-------- Supplied material
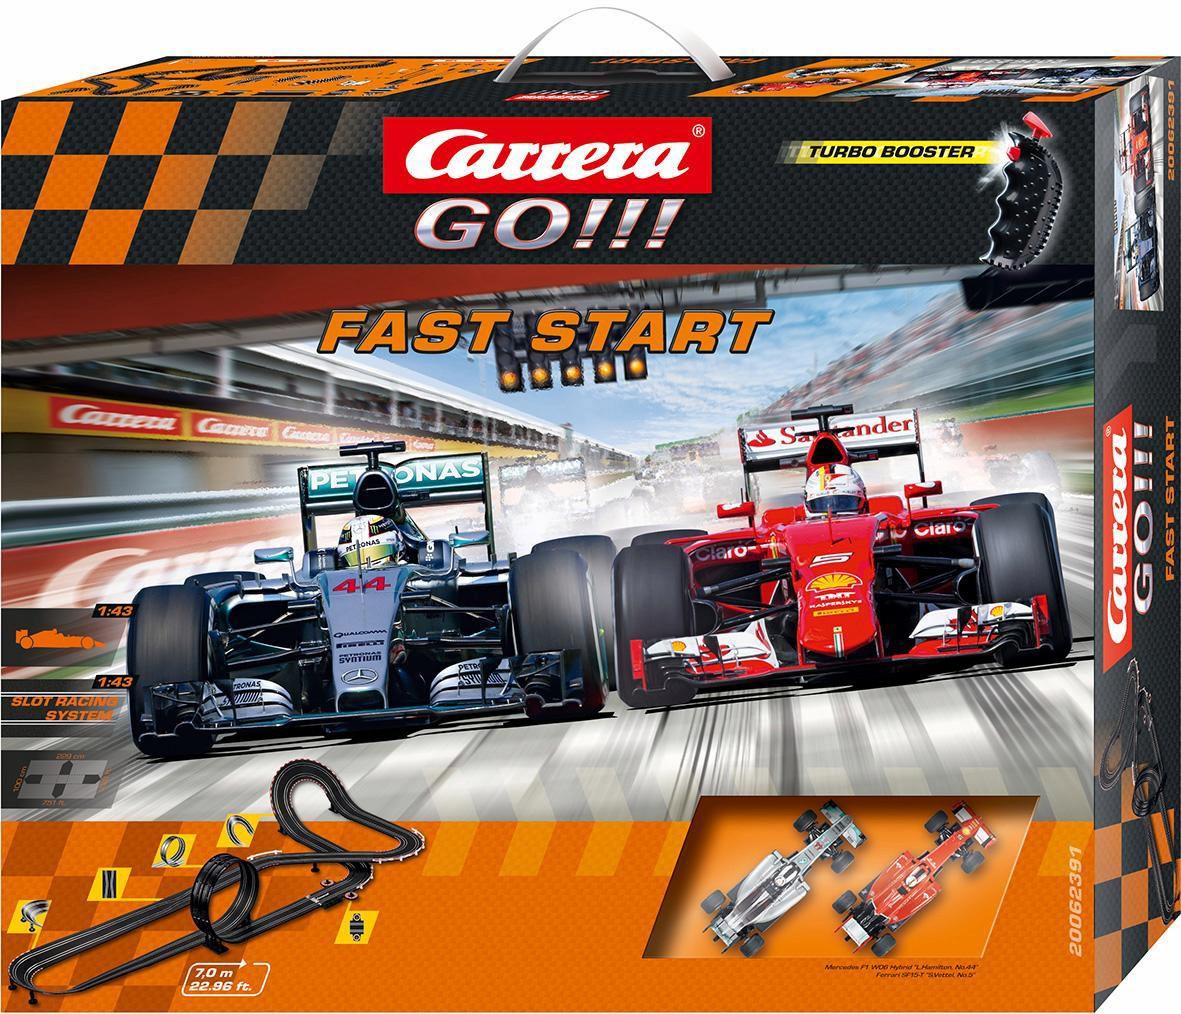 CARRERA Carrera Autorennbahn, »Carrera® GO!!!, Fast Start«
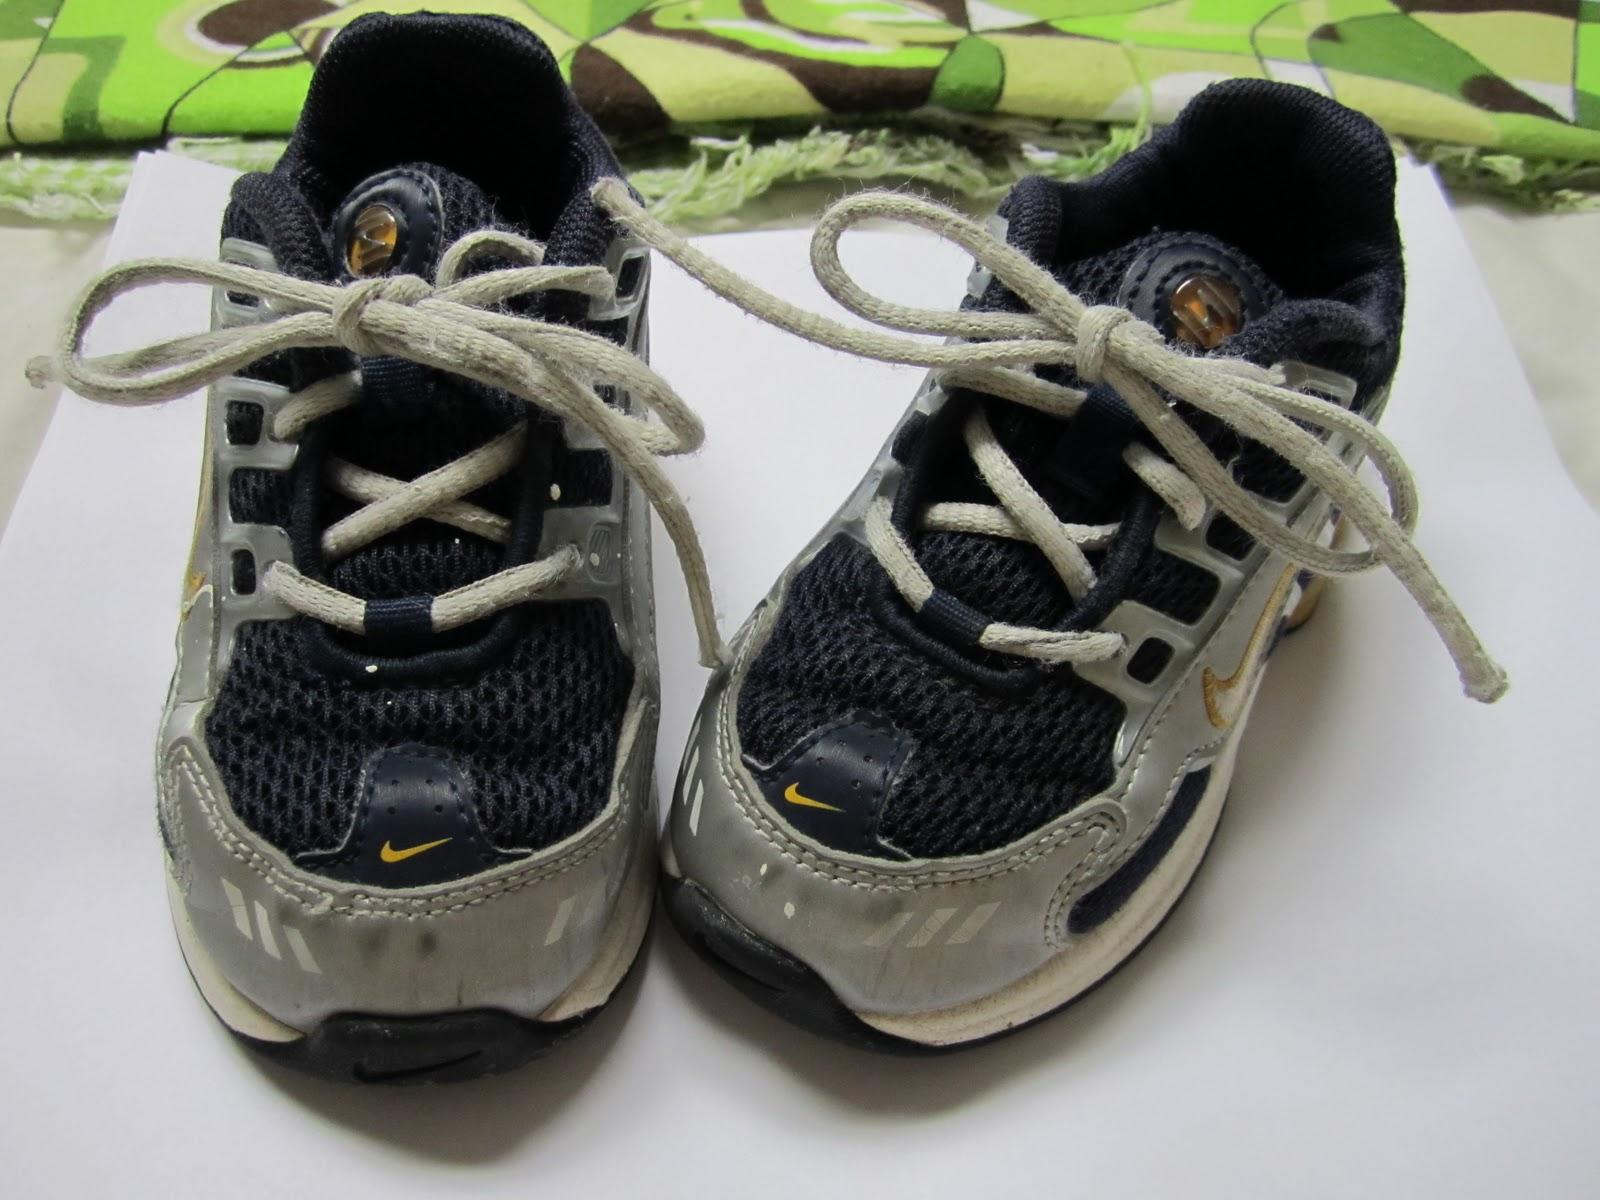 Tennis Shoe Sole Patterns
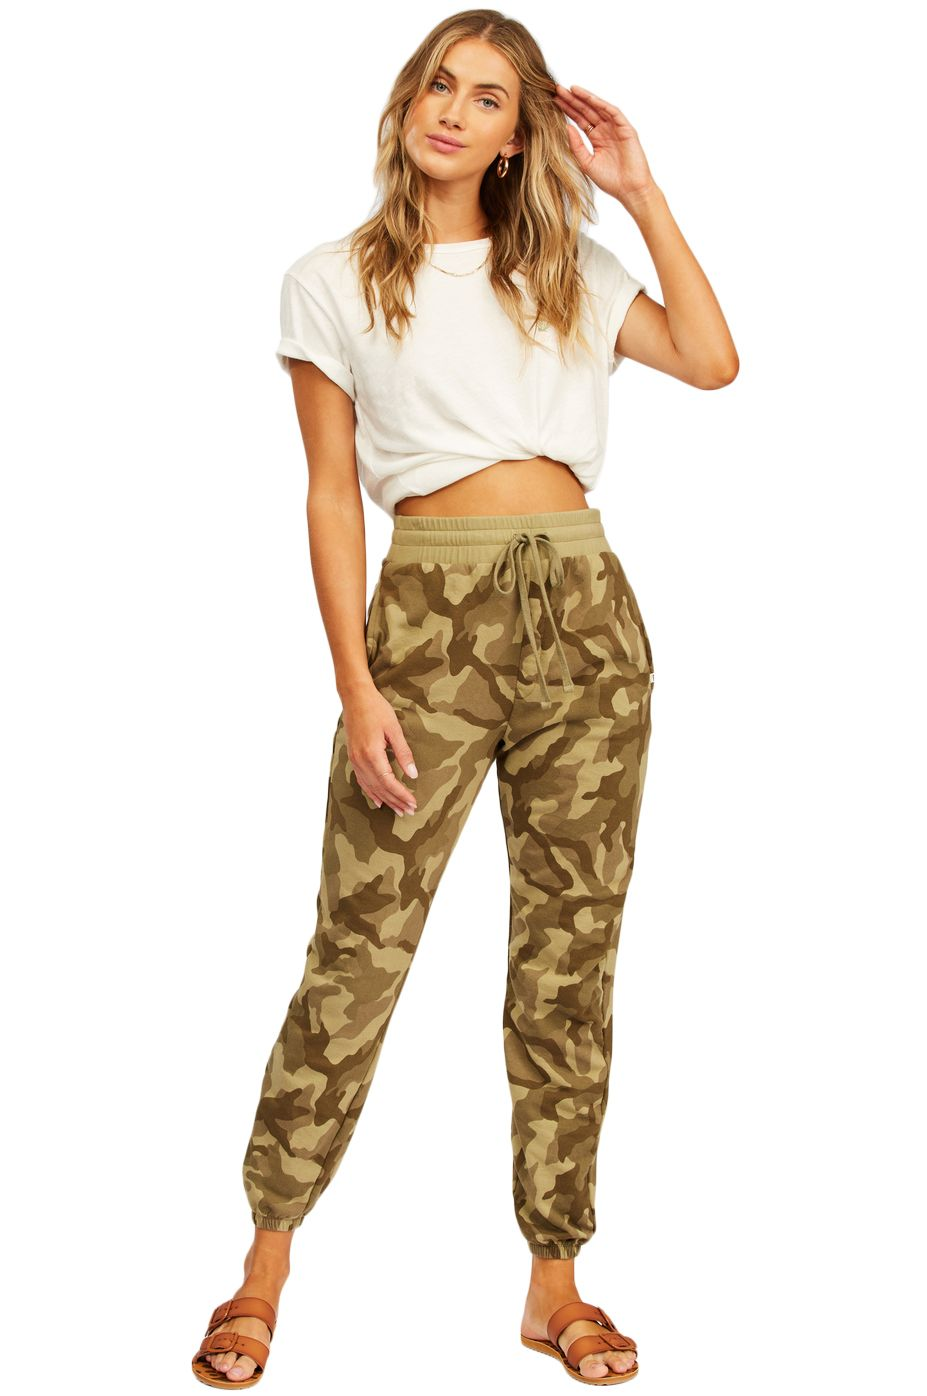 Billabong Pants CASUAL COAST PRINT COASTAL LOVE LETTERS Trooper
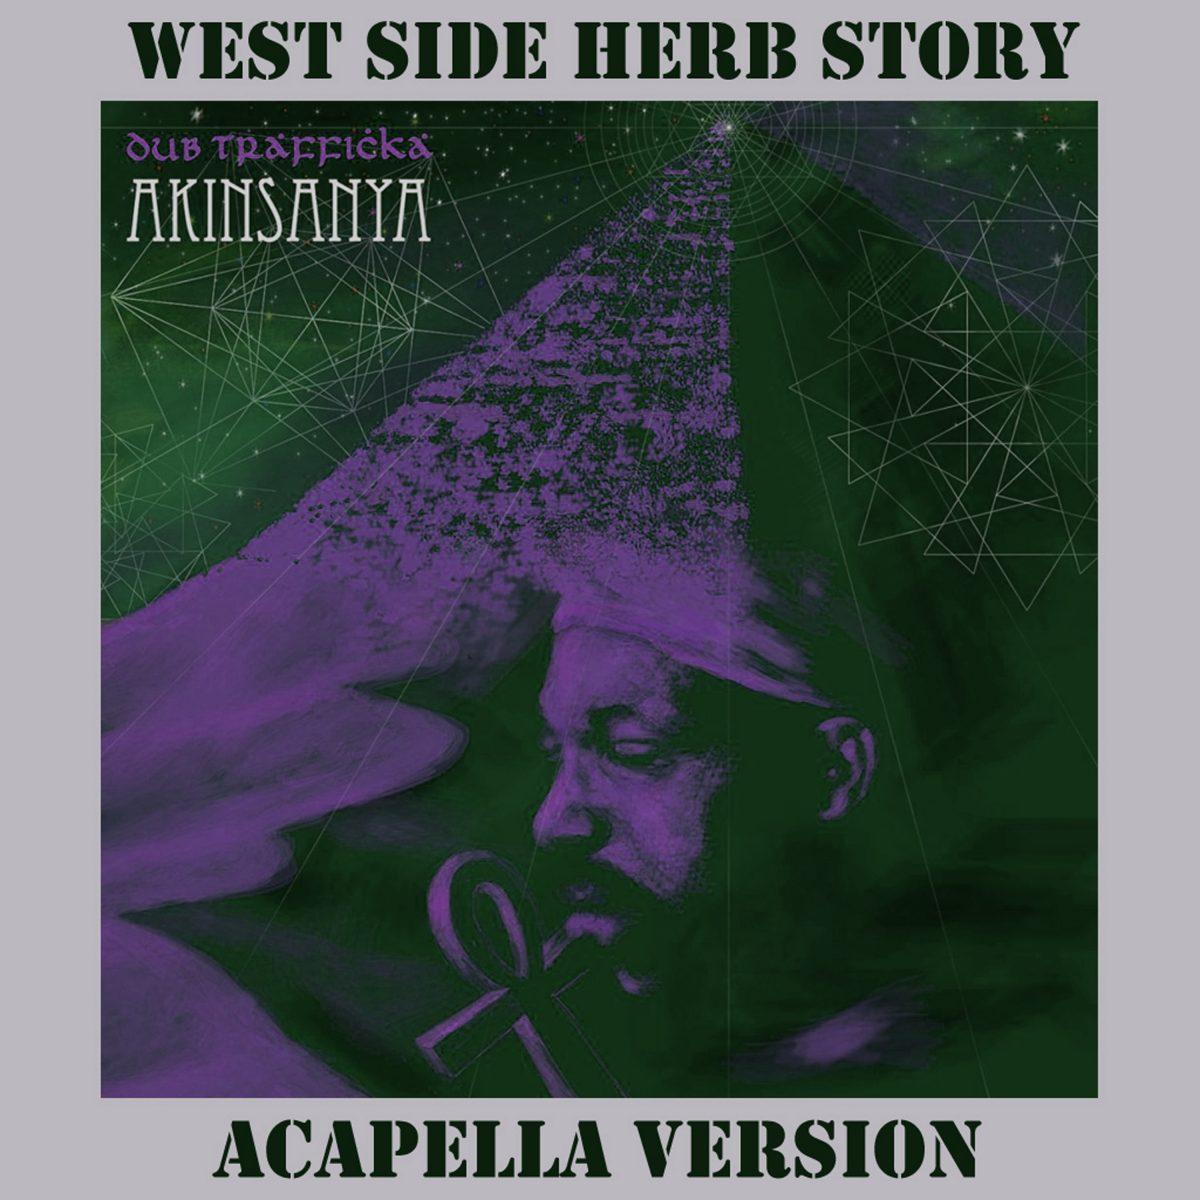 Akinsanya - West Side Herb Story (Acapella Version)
----------------
▸ Goal of the exercise: Each line of the material is to be output exactly. Images are not part of the expected output.

▸ Answer to the exercise:
 CARRERA Carrera Autorennbahn, »Carrera® GO!!!, Fast Start«
 Tennis Shoe Sole Patterns
 Billabong Pants CASUAL COAST PRINT COASTAL LOVE LETTERS Trooper
 Akinsanya - West Side Herb Story (Acapella Version)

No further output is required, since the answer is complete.